Question 1116259
{{{99*99=9801}}} , so a product of two two-digit numbers is at most {{{9801}}} ,
and a palindrome that is a product of two two-digit numbers is less than {{{9801}}} .
The largest palindrome that is less than {{{9801}}} is {{{9779}}} .
 
If the first two digits are {{{a}}} and {{{b}}} in that order,
the number's digit read like {{{abba}}} ,
and the number is a multiple of {{{11}}} ,
because its value is
{{{1000a+100b+10b+a=1001a+110b=11*91a+11*10b=11(91a+10b)}}} .

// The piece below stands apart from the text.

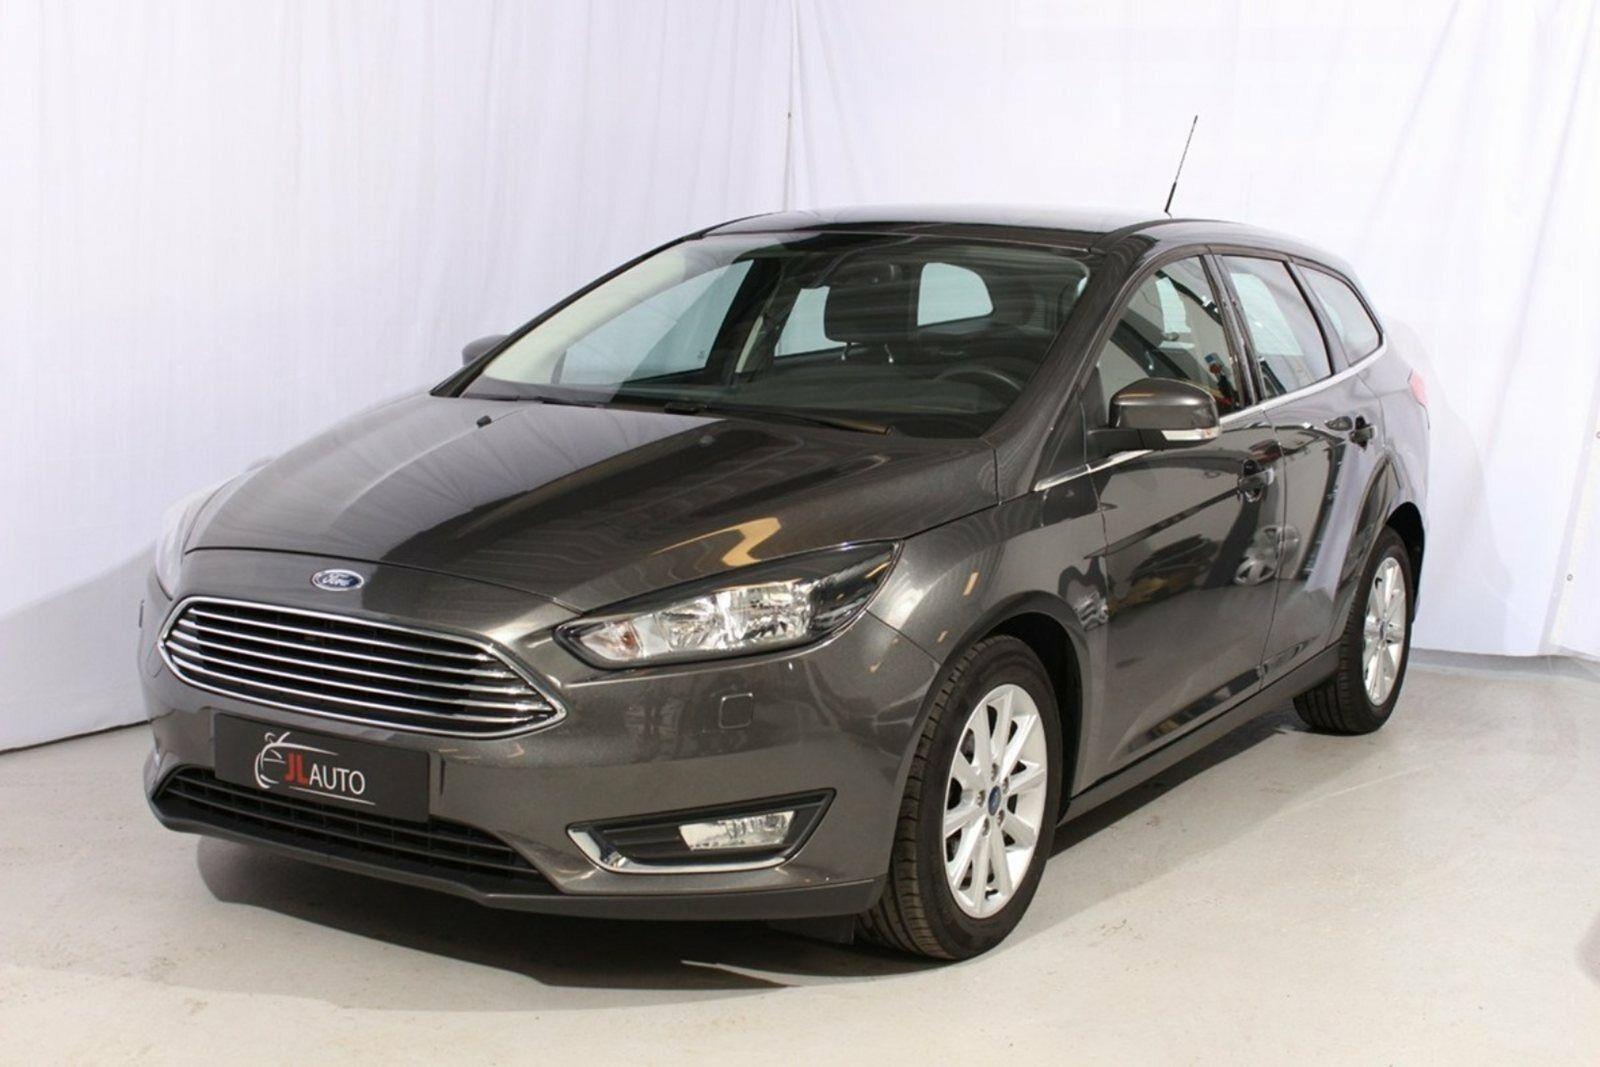 Ford Focus 1,5 TDCi 120 Titanium stc. aut. 5d - 219.990 kr.

If that {{{(91a+b)}}} factor can be further factored as
a two-digit number {{{t}}} times a single digit number {{{d}}} ,
the palindrome can be factored as the product of the two-digit numbers {{{11d}}} and {{{t}}} :
{{{11(91a+10b)=11*d*t=(11d)*t}}}

For example, {{{9779}}} , with {{{system(a=9,b=7)}}} can be factored as
{{{9779=11(91*9+10*7)=11(819+70)=11*889=11*7*127=77*127}}} ,
and does not work.
 
If we try all possible {{{b}}} values for {{{a=9}}} , we find
{{{matrix(2,8,
b,6,5,4,3,2,1,0,
91a+10b,879,869,859,839,829,819)}}} .
Out of all those values for {{{91a+b}}} ,
none is divisible by {{{2}}} , or {{{5}}} , or {{{7}}} ,
and only two of them are divisible by {{{3}}} .
That rules out all possible digit factors except {{{3}}} and {{{9}} .

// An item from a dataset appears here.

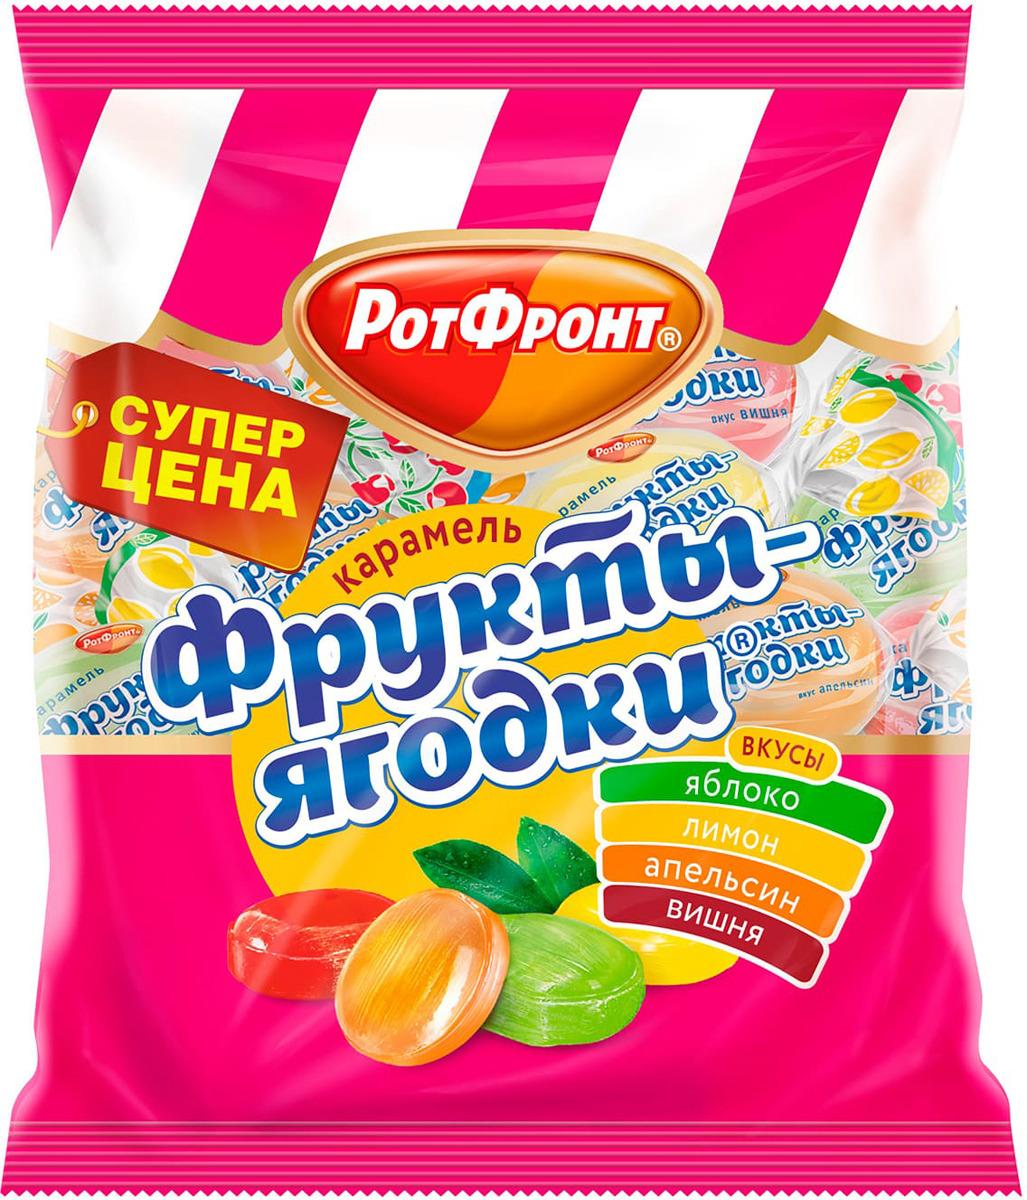 Карамель Рот Фронт Фрукты-ягодки микс, 250 г карамель бон пари дыня арбуз 75 г

Only one of those values, {{{819=9*91}}} , is divisible by {{{9}}} .
So, with {{{system(a=9,b=0,91a+10b=91*9=819)}}} ,
{{{highlight(9009)=11*819=11*9*91=99*91}}}
is a palindrome that can be written as a product of two two-digit numbers.
There will be others, such as {{{8118=11*738=11*9*82=99*82}}} ,
but {{{highlight(9009)}}} is the largest palindrome number that is the product of two 2-digit numbers.